Posted by Lindenblüte on October 28, 2006, at 9:56:34
In reply to Re: Abusers- Lick my Heine! ****trigger, if you wanna* » Lindenblüte, posted by muffled on October 27, 2006, at 23:48:13
> I could say alot. But i'd have to bypass the auto asterisk...
> sh*t.
> So alls I can do is
> (((((((((((((((((((((((((((((Li))))))))))))))))))))))))
> F*cking right it sucks.
> Its b*llshit.
> Take care,
> MuffledHi Muffled,
I'm still at a very strange place where feelings are not much a part of my experience. Only a little shadow here and there. Fleeting. Whenever I go examine more closely. I want to be in touch with it. I want to be at that place where I can have the anger you express above. I was able to talk about one of the betrayals a bit with my husband last night over dinner.Husband said something off-hand to the effect that he respects my dad for having kept his end of the bargain. (It's concerning a very large expense-- my education) Dad had agreed to pay half of it, and he did (AFTER several very long tense confrontations with documents and calculations and written argument.
But what I had to explain to my husband was that this was a deal that I made with the devil. (Like Faust, only I wasn't so informed when giving my consent). I had to explain to my husband that the deal took place behind a closed and locked door, and that I was a minor, and I was explicitely told "you cannot ever tell your Mother, because if you do, she will get upset and we won't be able to take out a loan, and you won't be able to go to college." I believed him too. My mother didn't find out until it was too late and 25,000 dollars had been lost to my father's insanity, compounding interest and my naivete.
Am I angry? yes. at who? me, mostly. for ignoring the obvious. for ignoring my instinct that this arrangement was sinister. for being too lazy and secure that my father had my best interests in mind to actually examine the numbers.

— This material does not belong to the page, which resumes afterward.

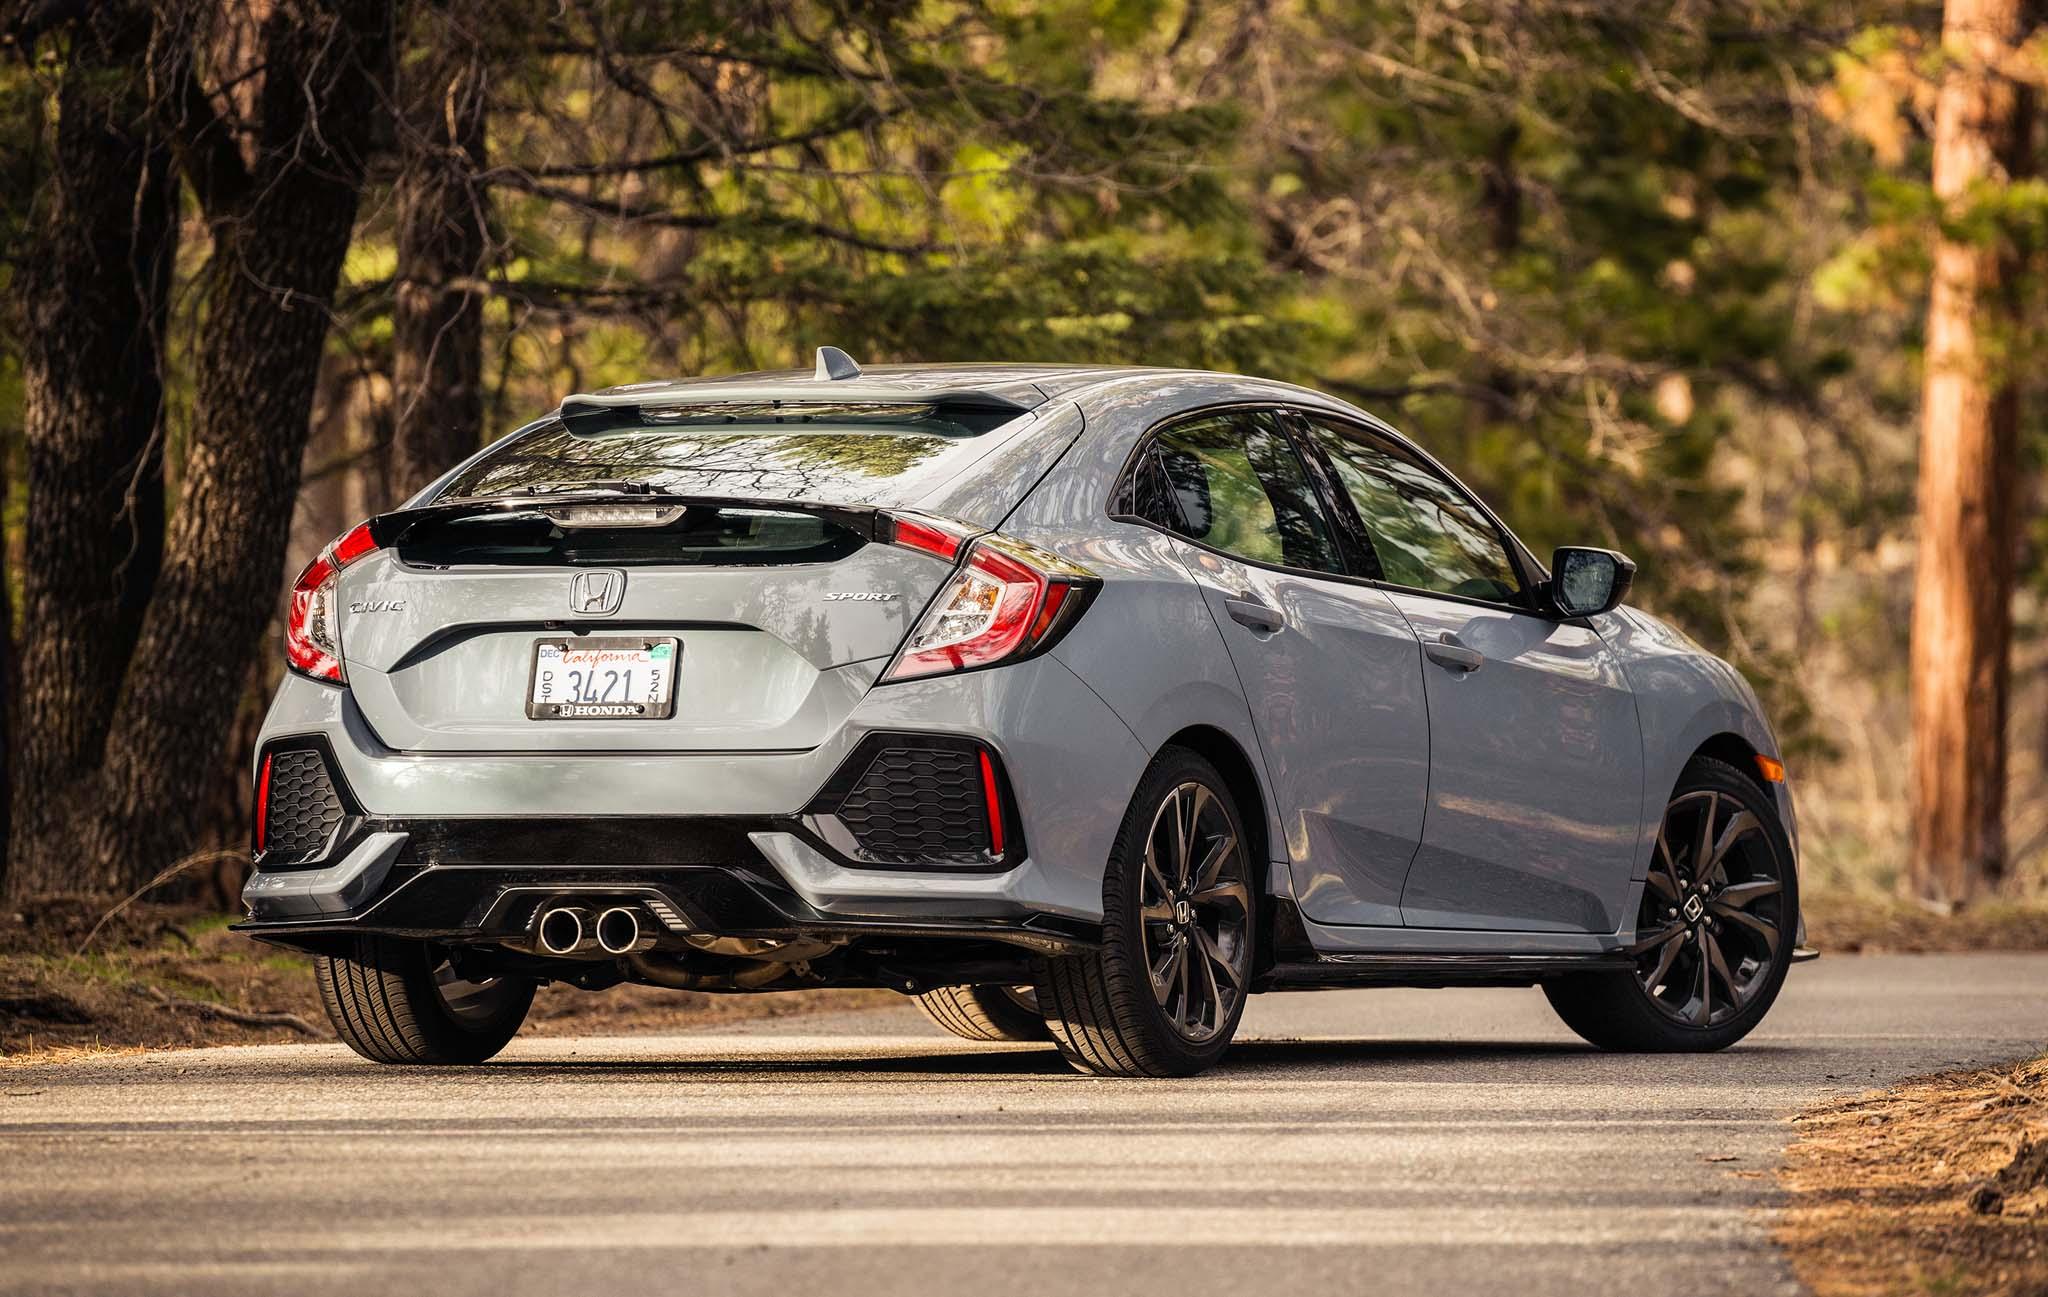 2017 Honda Civic Hatchback Sport rear three quarter

But the truth is that I'm not really feeling the anger. I don't know how to feel that kind of anger when there's nothing to direct it towards. The man is "Elend" as Racer's Heine poem below describes. The loans have been moved to a more secure lender. The crisis is over. I have no more deals with the devil.
Instead of feeling vindicated, I feel guilty. Stupid. Naive. I should have told my mom sooner. Too many should-ofs.